REVIEW: The Coral – Coral Island

The Coral have never taken the easy route. This is the band who followed up two albums of radio hits with Nightfreak and the Sons of Becker. Even by their standards, though, choosing to release a concept double album set in an imagined seaside town seems to be a work of bloody-mindedness in a world of streaming and shortened attention spans. Whatever their rationale, it is a decision that has paid off. The 24 tracks on offer here, including several spoken word interludes adding colour to the world they sketch out in their songs, capture the band at their most undeniably ‘them’.

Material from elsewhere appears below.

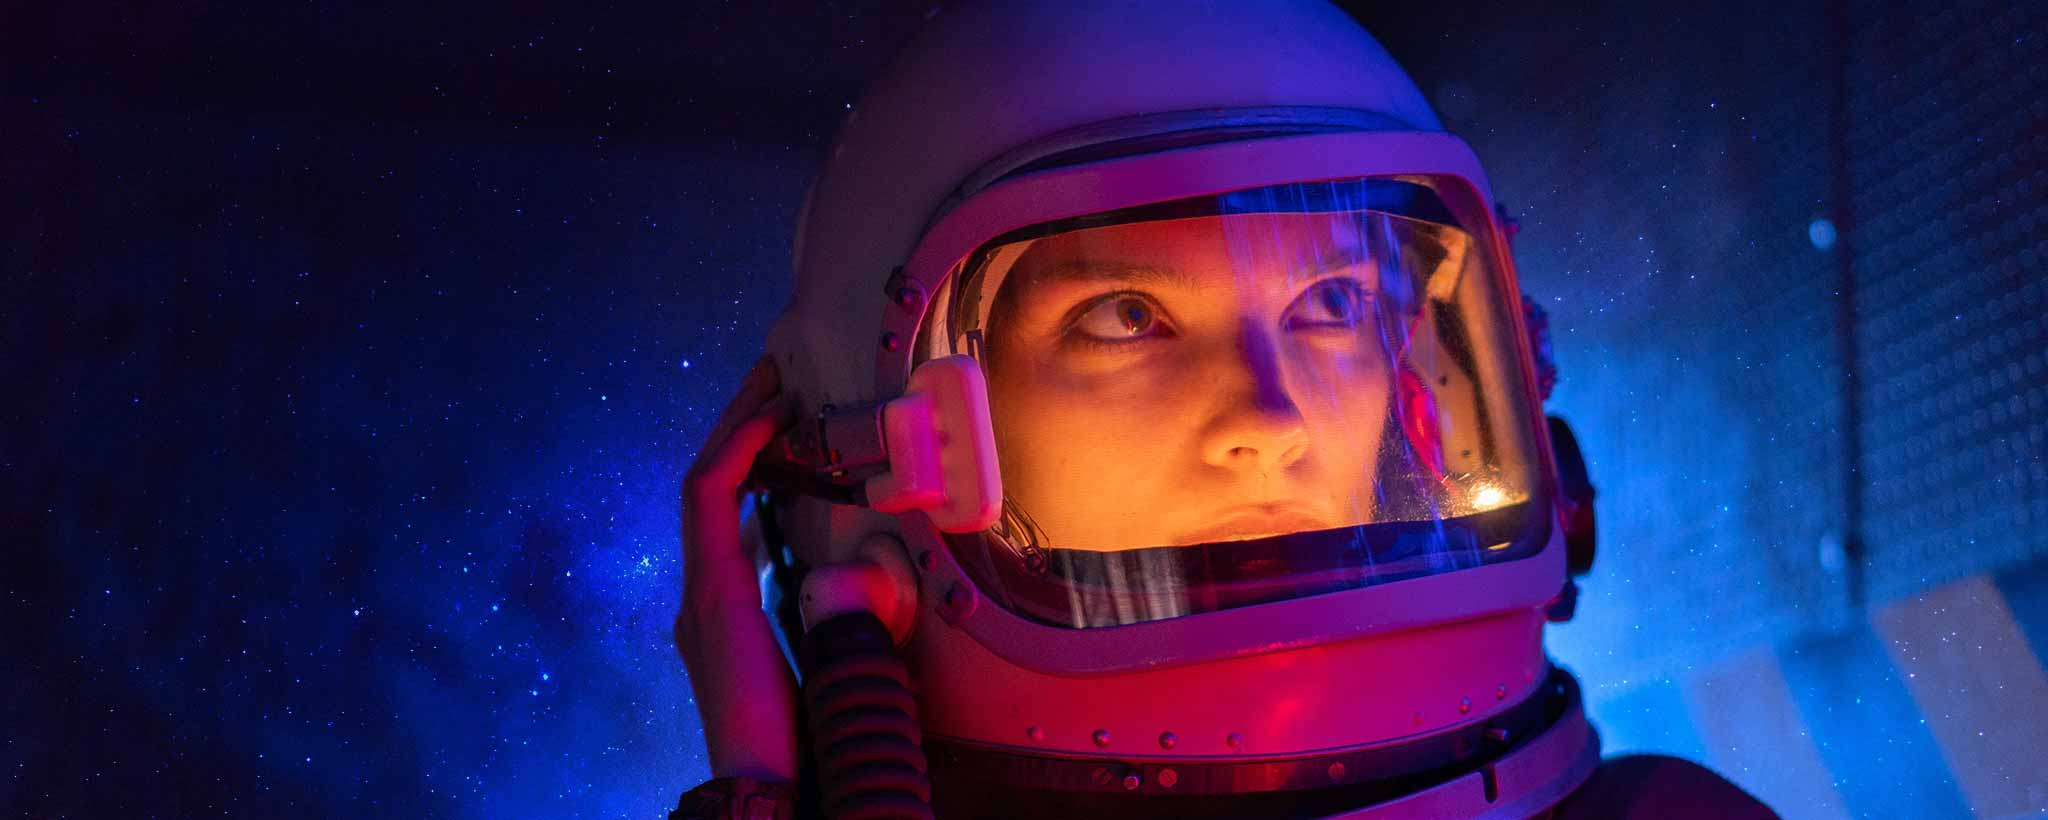 'Female wearing space helmet'

The same influences that the band have worn on their sleeve for their career surface again here. The music takes in psychedelia, Merseybeat, chanson, folk and a whole range of 60s-adjacent genres in between. Which is not to say that the band are offering up pastiches of others’ work. These influences are corralled into a sound that, whilst evoking those influences, is unmistakably theirs.

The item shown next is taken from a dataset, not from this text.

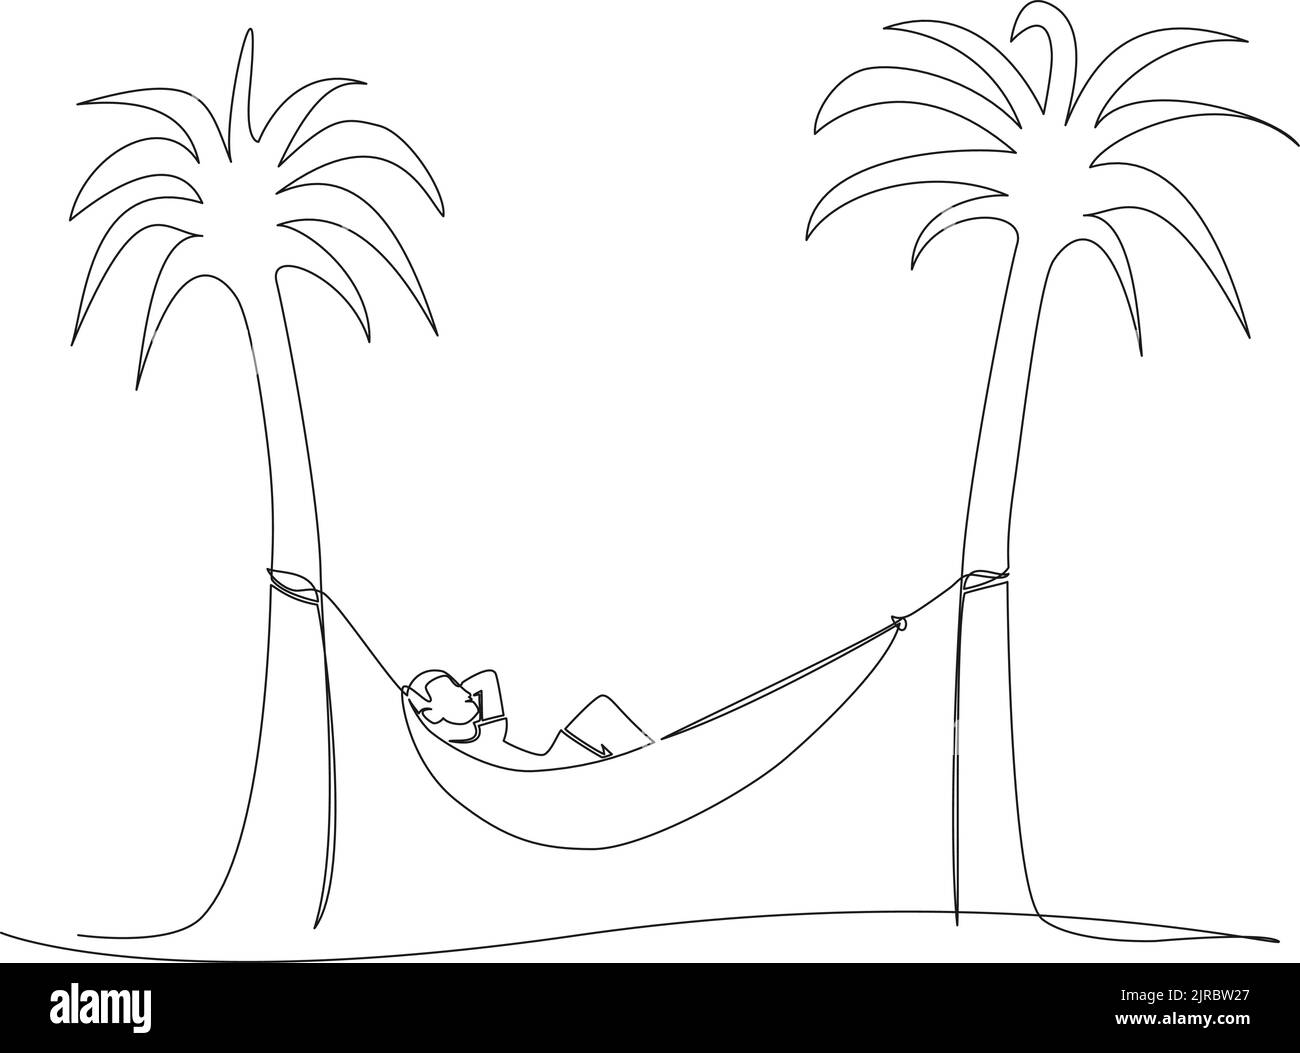 dessin continu d'une seule ligne d'une personne se reposant dans un hamac entre les palmiers, illustration vectorielle d'art au trait Illustration de Vecteur

Nor are they simply rehashing former glories. The songs on show here are as effortless and melodic as any in their career. Just listen to ‘Change Your Mind’ with its sunny strummed guitar and the gorgeous backing vocals on the chorus, or ‘Old Photographs’ with its maudlin but beautiful lyrics about old photographs being ‘negatives of nowhere towns’. To say that the boys know their way around a tune would be an understatement.

On some songs, like the penultimate ‘Calico Girl’, they strip things back to just voice and guitar, no production effects to soften the absent-minded dreaming of his ‘calico girl’ and ‘Monte Carlo millions’. Elsewhere, their approach is more expansive. On ‘Vacancy’ they deploy organ to Zombies-like effect, whilst ‘Summertime’ makes use of steel guitar and music hall piano to conjure up holidays by the sea.

There’s also a poetry in their lyrics that I haven’t sensed so strongly before. That chorus from ‘Old Photographs’ is a haunting image, one that gets under your skin without you really knowing why. “There’s a mist on the river / for you” from ‘Mist on the river’ is another line whose initial simplicity gives way to richer symbolism. The album is full of nuggets like this. Snippets of lyrics hang around at the fringes of your consciousness as the songs play, arresting but hard to pin down.

Over the course of the album, certain lyrical concerns repeat themselves. There is a strong seam of nostalgia and loss running through the album. Whether it’s love on ‘Autumn Has Come’, or the good times on ‘Golden Age’, there is a keen sense throughout of things lost and never to be recovered. The songs look backwards, unwilling to ponder the present too much, and unable to imagine a future. The shift from the sunnier songs in the album’s first half to their more reflective counterparts in its home stretch emphasises this sense.

‘Coral Island’, the concept album’s imagined place, doesn’t present itself as somewhere its inhabitants want to be. Ghosts walk the floorboards of its abandoned piers, fairgrounds, and music halls. It’s a liminal space, somewhere from which the fun has departed. It’s the ‘seaside town’ of Morrisey’s ‘Everyday is Like Sunday’ refracted through a cracked mirror, the wurlitzers of the fairground demented and haunting as they echo around. On ‘Land of the Lost’, there is something achingly vulnerable and defeated about Skelly describing himself as a “prisoner” and begging his listener to “walk beside me in the land of the lost”.

But whilst the protagonists of Coral Island might be dreaming of escape, the listener will be happy to stick around. I have a low tolerance threshold for double albums, concept albums, and spoken work interludes on records. As soon as my first listen ended, however, I dived straight back in again. You’ll want to spend plenty of time on Coral Island.